Бальзамо вновь вперил взгляд в стакан, по поверхности которого расходились опаловые круги.

— Ну как, видите что-нибудь? — спросил барон.

— Да, и очень отчетливо.

— Тогда говорите, сестрица Анна.

— Я вижу, что к вам едет весьма важная персона.

— Да ну? И эта важная персона прибывает просто так, без приглашения?

— Ей не нужно приглашения. Это лицо прибудет в сопровождении вашего сына.

— Филиппа?

— Так точно!

Барона обуяло веселье, весьма оскорбительное для чародея.

— В сопровождении моего сына? Это лицо прибудет в сопровождении моего сына? Вот тебе раз!

— Да, господин барон.

— Так вы знакомы с моим сыном?

— Нет, мы не знакомы.

— А мой сын сейчас…

— В полульё отсюда, даже в четверти льё, вероятно!

— От Таверне?

— Да.

— Дорогой мой! Сын сейчас в Страсбуре, несет службу в гарнизоне, если только не дезертировал, чего он никогда не сделает, могу поклясться! Так что мой сын просто не может никого привезти.

— Однако он кое-кого привезет вам в гости, — продолжал Бальзамо, не сводя глаз со стакана с водой.

— А этот кое-кто — мужчина или женщина?

— Это дама, барон, очень знатная дама… погодите-ка, там происходит что-то странное…

— И важное? — подхватил барон.

— Да, клянусь честью.

— Говорите же!

— Вам лучше удалить служанку, эту маленькую распутницу, как вы ее называете, у которой на пальчиках коготки.

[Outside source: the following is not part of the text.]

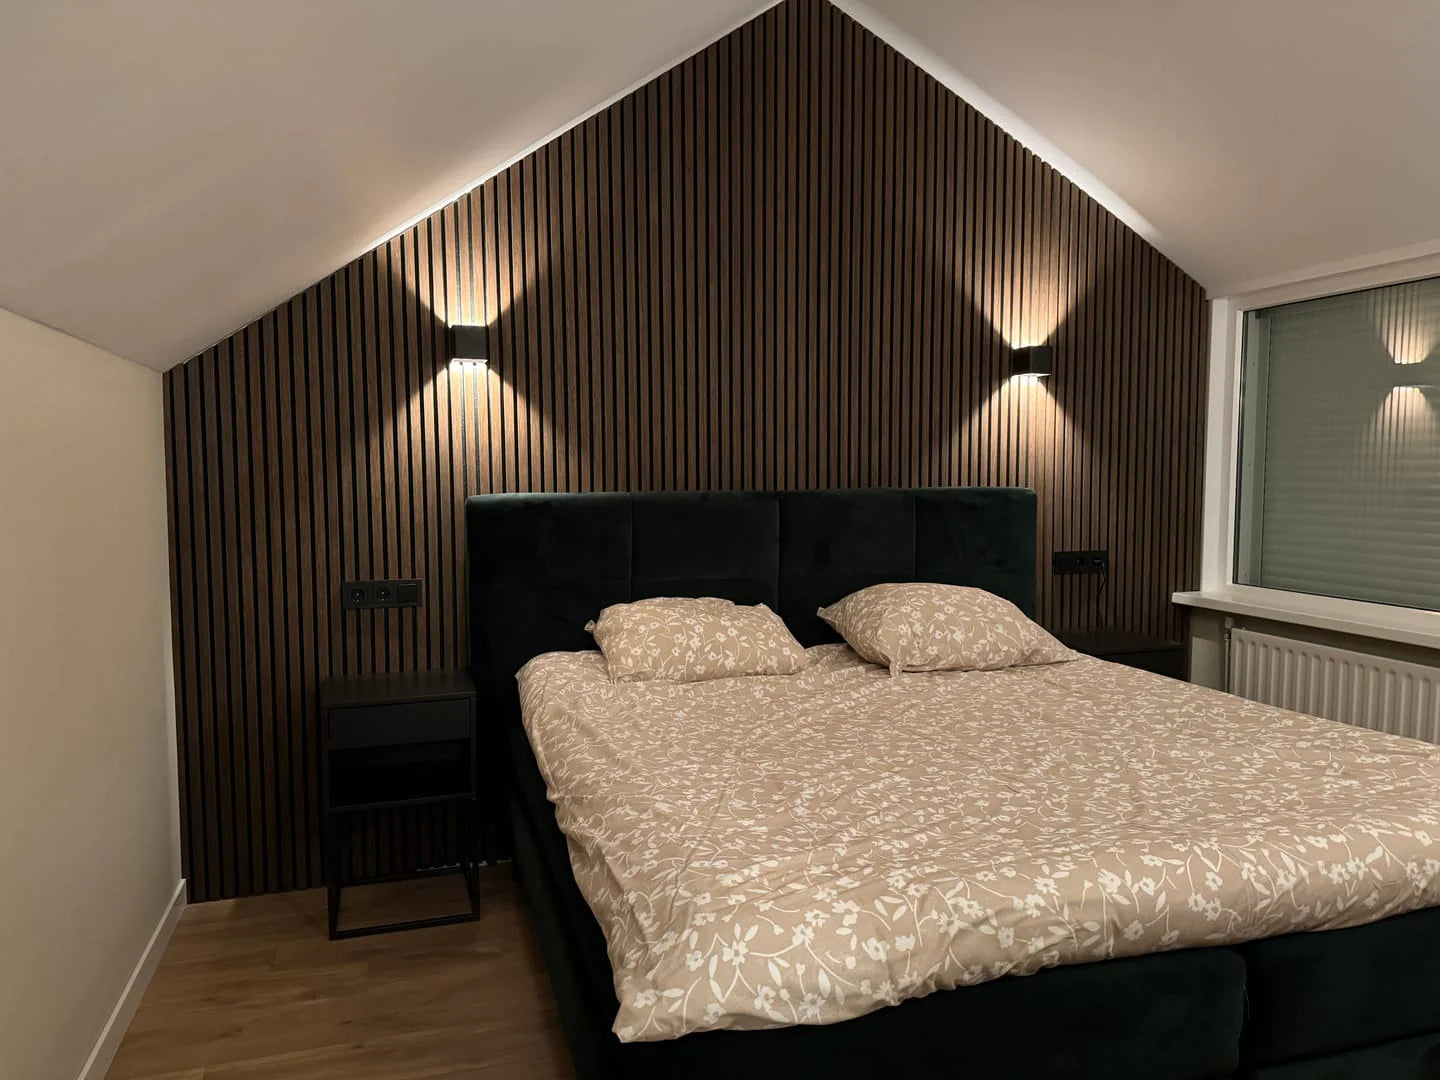 Effective soundproof acoustic panels for your bedroom

— С какой стати я должен ее удалять?

— Потому что у Николь Леге есть нечто общее в лице с прибывающей сюда дамой.

— Так вы говорите, что эта знатная дама похожа на Николь? Вы же сами себе противоречите.

— В чем противоречие? Мне случилось однажды купить рабыню, которая до такой степени была похожа на Клеопатру, что подумывали даже о том, чтобы отправить ее в Рим для участия в триумфе Октавиана.

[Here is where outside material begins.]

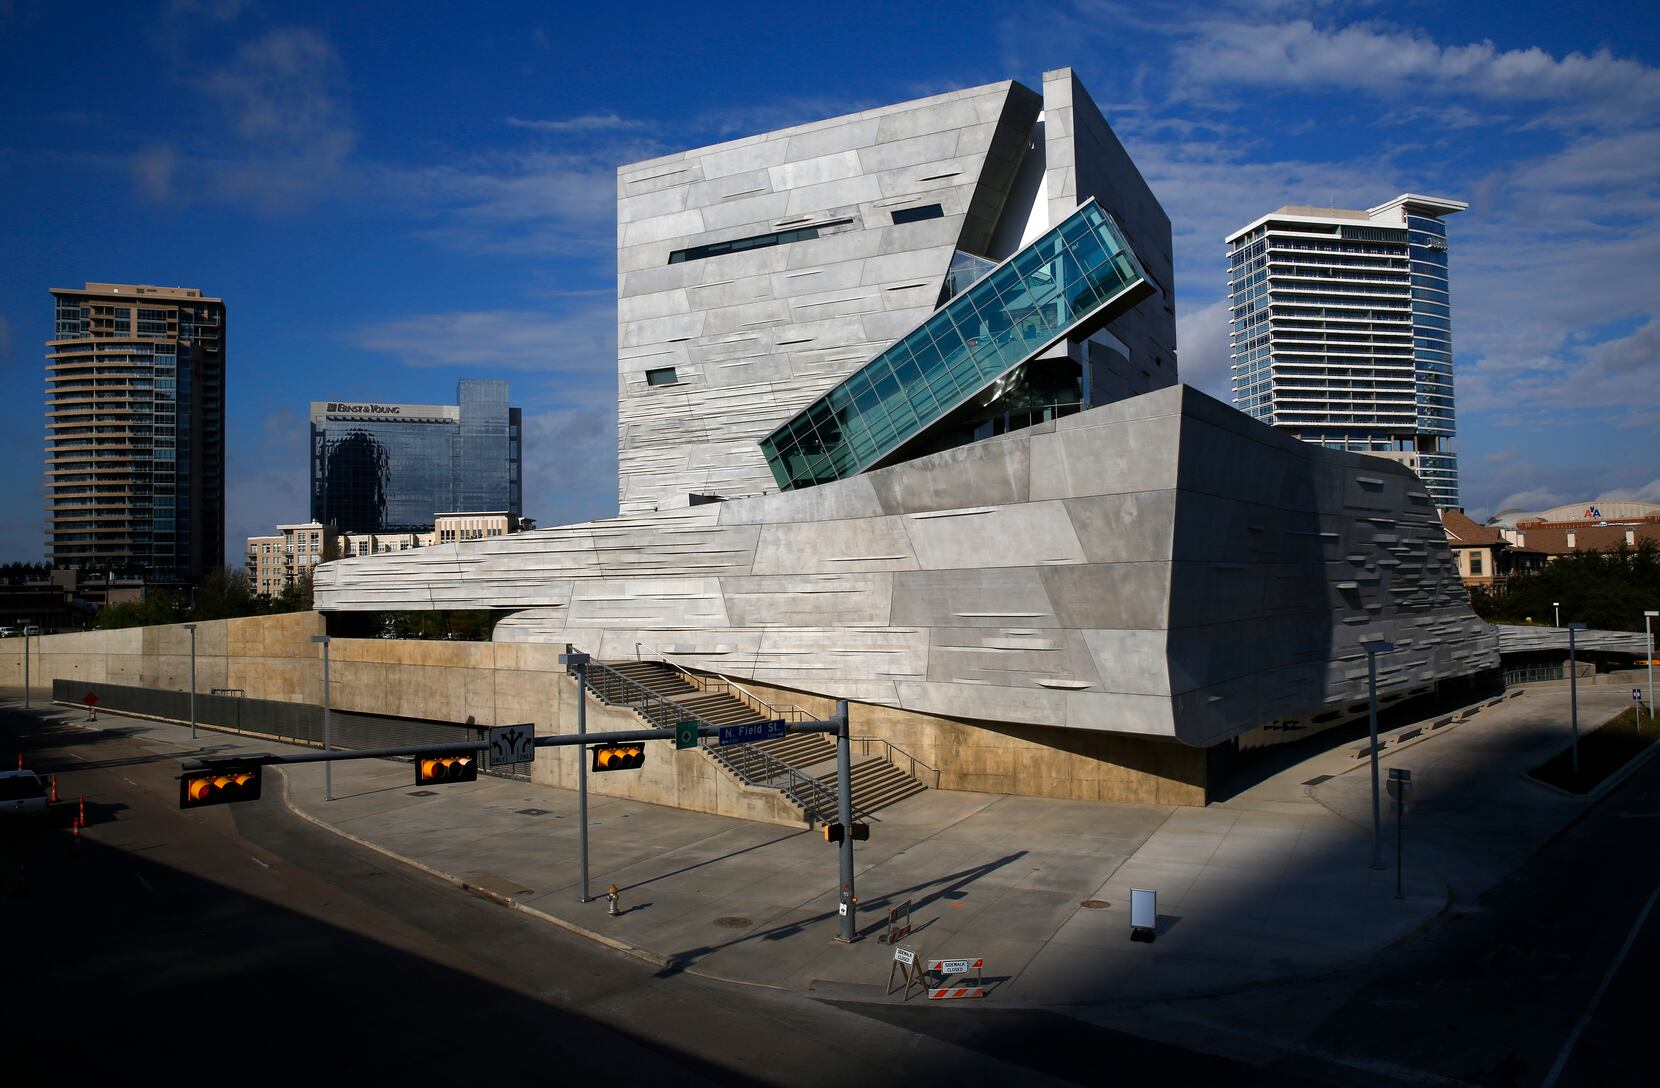 Louis Vuitton to hold shopping event at Perot Museum

— Опять вы за свое! — вздохнул барон.

— Вы вольны поступать как вам угодно, дорогой хозяин. Надеюсь, вам ясно, что меня это не касается, это в ваших интересах.

— Однако я не понимаю, каким образом сходство с Николь может задеть знатную даму.

— Представьте, что вы король Франции, чего я вам не пожелал бы, или дофин, чего я вам желаю еще меньше; были бы вы довольны, если бы, приехав в какой-нибудь дом, увидели среди прислуги слепок с вашего августейшего лица?

— О черт! — воскликнул барон. — Непростая задача! Значит, из того, что вы говорите, следует…

— …Что прибывающая дама, занимающая весьма высокое положение, была бы недовольна, если бы ей пришлось увидеть как бы свою копию в короткой юбке и простой косынке.

— Ну хорошо, — со смехом продолжал барон, — мы об этом подумаем, когда придет время. Во всей этой истории меня больше всех радует сын. Дорогой Филипп! Какой же счастливый случай может привести его сюда просто так, без предупреждения?

Барон совсем развеселился.

— Я вижу, — без улыбки заметил Бальзамо, — мое предсказание доставляет вам удовольствие? Я в восторге, клянусь честью! Однако на вашем месте, господин барон…

— Что на моем месте?

— Я отдал бы некоторые распоряжения, я подготовился бы…

— Вы не шутите?

— Нет.

— Я подумаю, дорогой гость! Подумаю!

— Самое время…

— Вы серьезно мне это говорите?

— Как нельзя более серьезно, господин барон; если вы хотите достойно встретить особу, которая оказывает вам честь своим посещением, у вас нет ни одной лишней минуты.

Барон покачал головой.

— Я вижу, вы сомневаетесь? — спросил Бальзамо.

— Должен признаться, дорогой гость, что вы имеете дело с крайне недоверчивым собеседником, клянусь честью…

Именно в эту минуту барон и направился к флигелю, где жила его дочь, — ему хотелось поделиться с ней предсказаниями гостя. Он стал звать ее:

— Андре! Андре!

Читатель уже знает, как девушка отвечала на приглашение отца и как пристальный взгляд Бальзамо увлек ее к окну.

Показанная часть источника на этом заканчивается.